Sunday, May 1, 2011

RIP Poly Styrene

Not 6 months ago, I was talking about the death and influence of Ari Up on the world of punk rock. This week, we lost another innovator and influences for women in the punk rock movement. Poly Styrene of The X-Ray Spex. In today's world where women are given more of a fair shake in rock and roll, it's easy to forget how segregated things were in the 70s. If you were a woman in music, you were usually a pop singer, a piano player/jazz singer, or a groupie. The punk movement was more inclusive, women and men were treated equally. Among the most important women bands to come out of the UK punk scene were The Slits, Siouxsee and the Banshess and X-Ray Spex.

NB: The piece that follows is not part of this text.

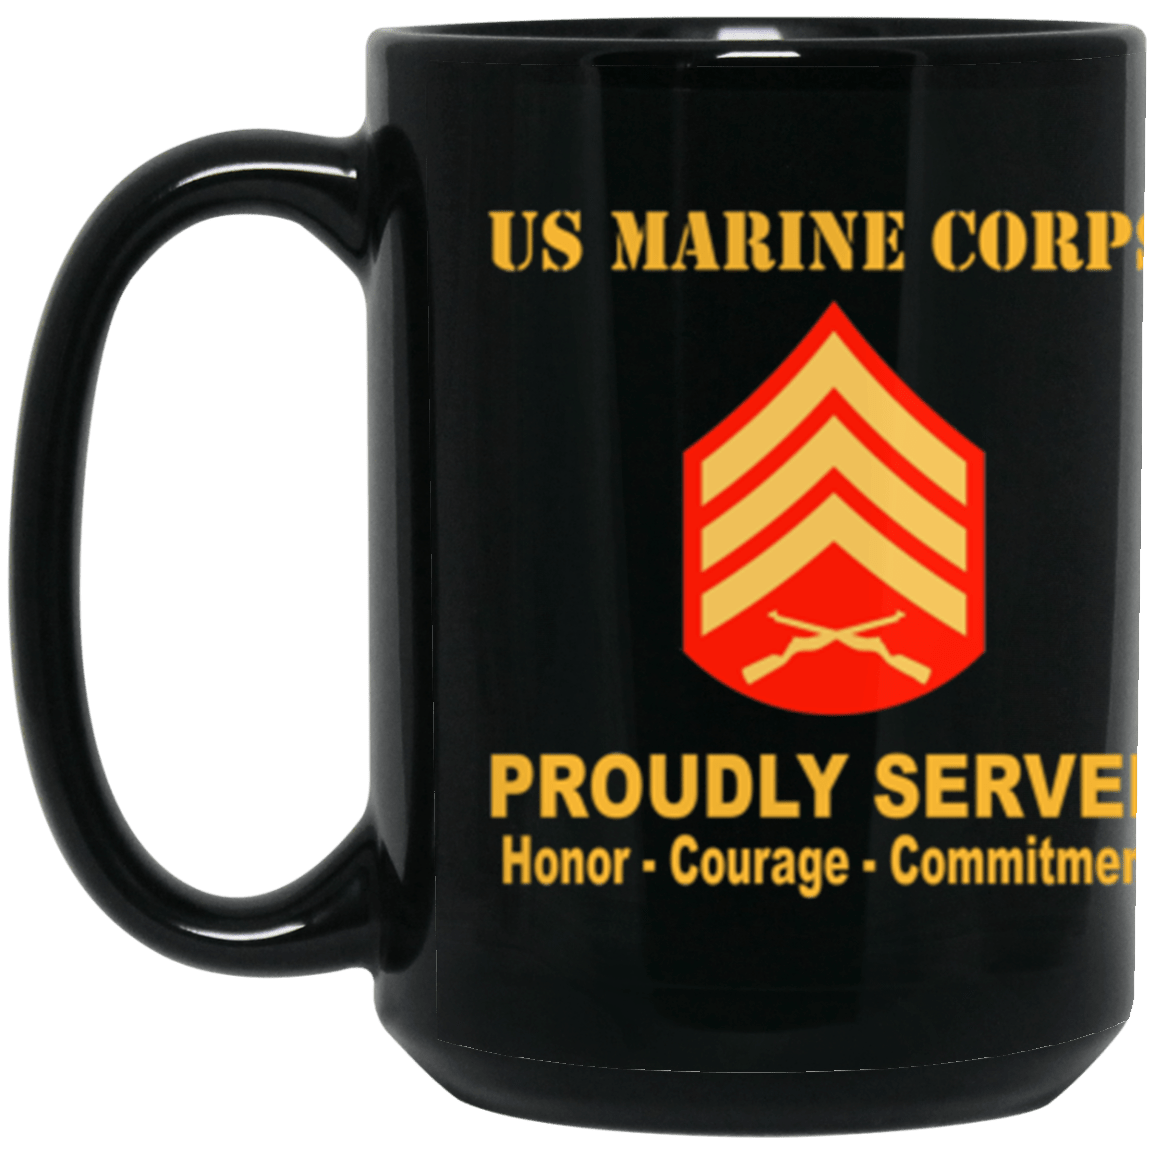 USMC E-5 Sergeant E5 Sgt Noncommissioned Officer Ranks Proudly Served Core Values 15 oz. Black Mug

Poly Styrene (born Marian Elliot-Said) was double ostracized, being a woman, and being from half British/half Somali descent. X-Ray Spex played a noisy, post-punk tinged version of punk that reverberated through the underground scene. Her abrasive and screaming style of singing inspired the Riot Grrl movement. If there were no Poly Styrene, there would be no Sleater-Kinney, no L7, no Gossip, no Le Tigre.

Like a lot punk bands, X-Ray Spex had a very short career, only releasing one album, Germ Free Adolescents. Styrene released a couple of solo albums over the years. Her last, Generation Indigo, was released a day before her death on April 25, 2011 of breast cancer. She was 53.